Okay. Consider yourself duly warned. Read on...

According to this Observer article,

One leading British expert, Professor John Oxford, commenting on the new research, said the virus had broken down the ‘final door’ which prevented it being spread between people. ‘This is a very important step towards the conclusion that we all wanted to avoid,’ he said.

I have told you that this is going to be a big story. It could have absolutely devastating worldwide consequences, and millions could die. Despite this:

A flu drug, Tamiflu, works as a preventive measure, but the UK has not yet decide how much of this drug to stockpile.

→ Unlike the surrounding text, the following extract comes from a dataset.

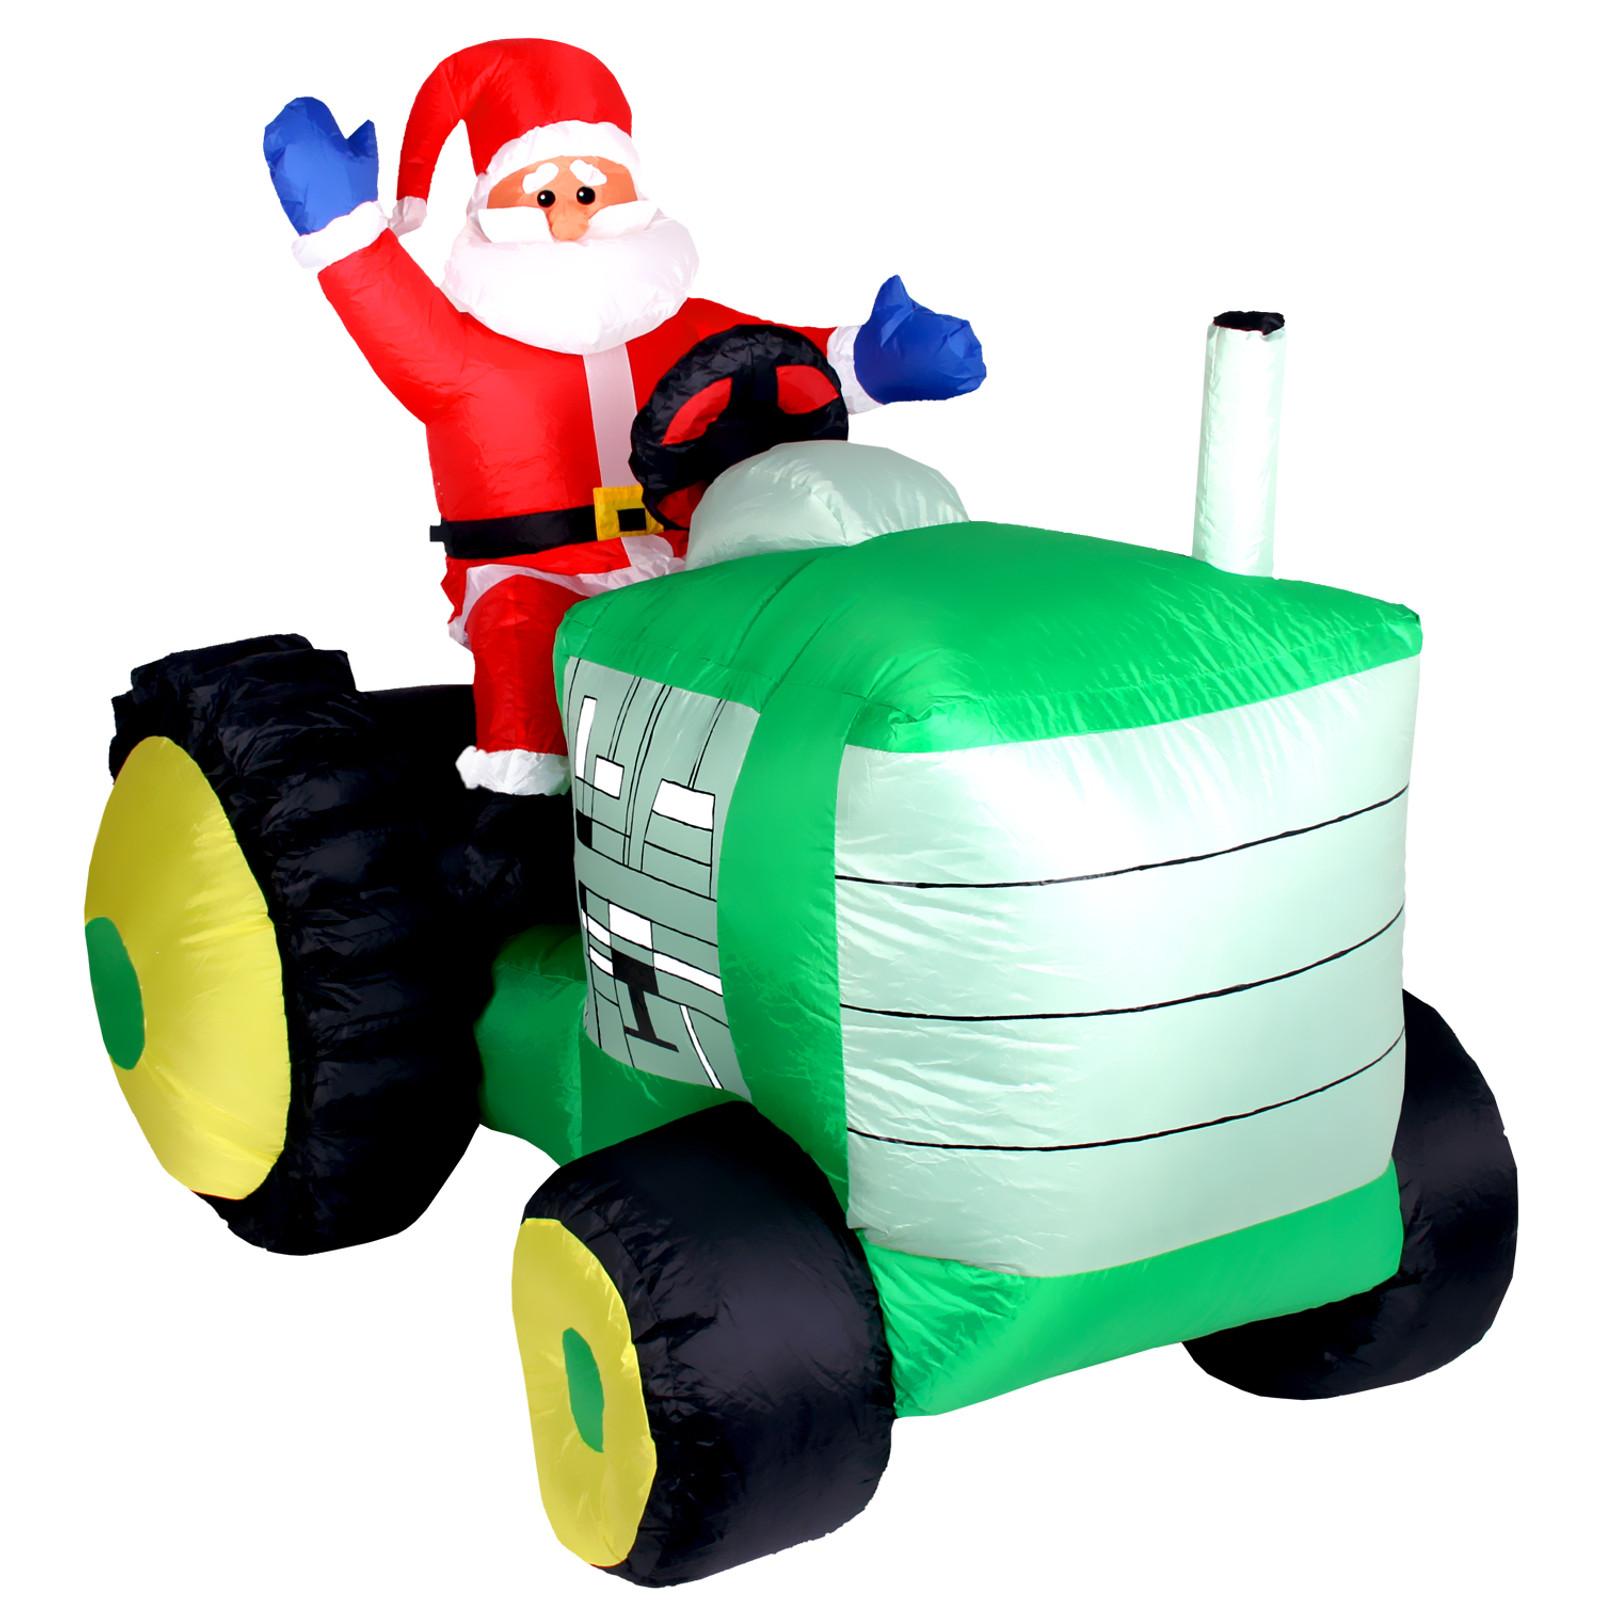 weihnachtsmann auf traktor inflatable mit led beleuchtung pridea products

I really think it’s time Mr Blair and co got their thinking caps on. Unless, of course, they want to see this kind of case study repeated across our country:

Her mother, who lived in Bangkok, went to visit when she heard her daughter was sick, and cared for her in hospital for two days before the child died. Three days later, she too began to experience fever and severe shortness of breath. Within a week she too was dead.

The time to act is now.

This 278th post was filed under: News and Comment.